It didn’t take long after a white police officer shot and killed a black unarmed teen last summer for activists to find a second person on whom to lay blame: Allegheny County District Attorney Stephen Zappala.
Activists called for the district attorney’s removal, even before he decided a week later that he would charge East Pittsburgh police officer Michael Rosfeld with homicide for fatally shooting Antwon Rose.
Within days, Democrat Turahn Jenkins announced he would challenge Zappala in the May 21 primary election.
Zappala has been district attorney for 21 years. In a recent interview with WESA, he defended the time he took to announce charges against Rosfeld, saying he had to proceed with caution.
“[The Rose] family didn’t even have the ability to bury their son, and people are calling for criminal charges," Zappala said.
"I’ll take care of this,” he said of his mindset at the time, “but I’m going to give you the opportunity to bury your child.”
A jury acquitted Rosfeld in March. Critics fault prosecutors for not calling a use-of-force expert as a witness: Rosfeld's defense called on such a witness to defend his actions. But Zappala said the three experts his office contacted were unwilling to testify.
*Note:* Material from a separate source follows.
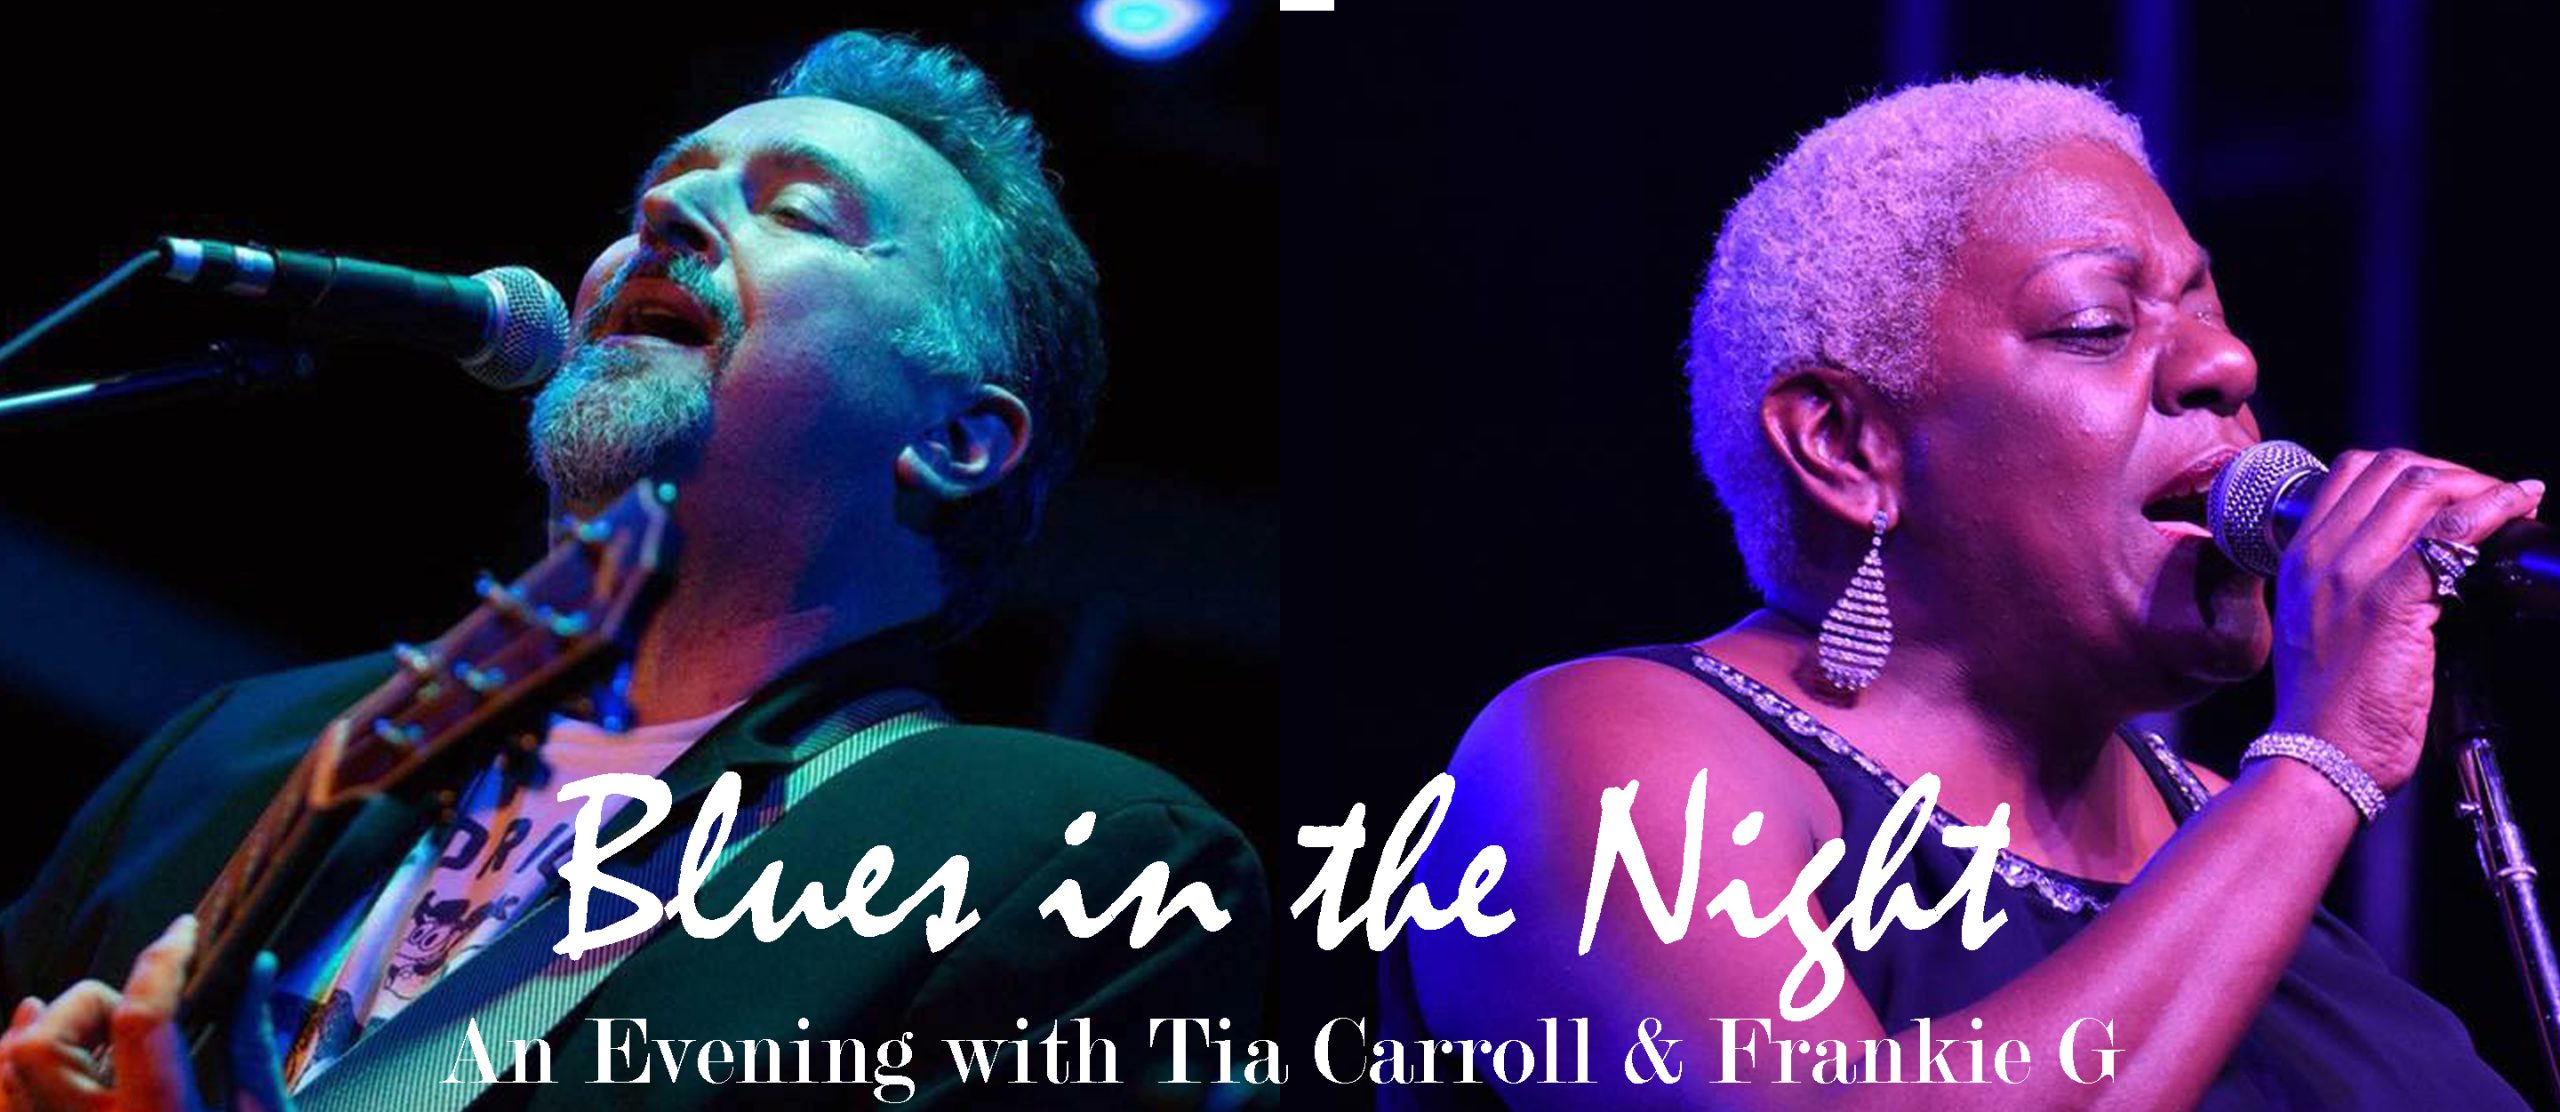 Blues in the Night, An Evening with Tia Carroll & Frankie G

And he said his office takes police shootings seriously. As evidence, he cited two other times where it prosecuted officers who shot unarmed civilians in the back. In one of those cases, the officer was acquitted. In the other, the officer pleaded guilty to involuntary manslaughter.
But Brandi Fisher of the Alliance for Police Accountability said there have been too many other cases where Zappala has sided with police.
Zappala “needs them to win his cases,” Fisher said. “It makes no sense that we then would ask someone to turn around and forcefully charge their friends.”
She trusts that Jenkins would be different.
But some in law enforcement are sitting the race out: The Pittsburgh Fraternal Order of Police union is not endorsing either candidate. And while Jenkins drew support from activists early on, he stumbled with some progressives when he said that homesexuality is a sin. The candidate, who has ties to a deeply conservative church, apologized for those remarks last month.
He has sought to turn the attack by maintaining that, unlike Zappala, he would have found an expert to testify at Rosfeld’s trial.
“I believe that we should all be held to the same standard. It shouldn’t matter, your occupation [as a police officer],” he said. “We should all be held to the same standard – equal accountability across the board.”
Jenkins previously served as chief deputy director for the Allegheny County Public Defender's Office. Before that, he was an assistant district attorney for two years.
He said, if elected, he would push harder than Zappala for treatment programs and community service as alternatives to incarceration.
“I’ve always said that the criminal justice system should be more focused on people who are violent and people who are dangerous, as opposed to the people that make mistakes or suffer from mental health or drug addiction or poverty,” Jenkins said.
Zappala countered that he’s pursued such reforms since becoming district attorney in 1998. For example, he sought to reduce the use of cash bail and launched programs like drug court and mental health court, which connect eligible defendants with treatment and community support.
“And that’s one of the reasons I wanted to start all these programs,” Zappala said, “so … we can understand this person’s condition, this person’s family, what their needs are.”
University of Pittsburgh law professor and 90.5 WESA legal analyst David Harris said Zappala has at times been on the cutting edge of reforms. But he noted that the national conversation about criminal justice – and its racial and class disparities – have shifted.
“[Zappala] was always vocal on a number of these issues and made some changes here in his county that, at the time, were reforms of a very significant type,” Harris said. “Now, we have many more people proposing those and more.”
Antwon Rose’s death brought racial tensions to the surface last summer, and prompted weeks of protests. Some recall similar turmoil in 1995 when black motorist Jonny Gammage died at the hands of suburban police. Zappala was criticized in the wake of that death as well, when he decided not to retry one of the officers after a mistrial.
Criminal defense attorney Bob Del Greco represented Gamage’s family. He said they were disappointed by that decision. But he said that state law makes it hard to win such cases against police.
“Probably with a couple decades of hindsight and reflection,” he said, “I’d be willing to concede that [Zappala made] the correct decision, although at the time, it didn’t feel that way.”
No Republicans are running for the seat.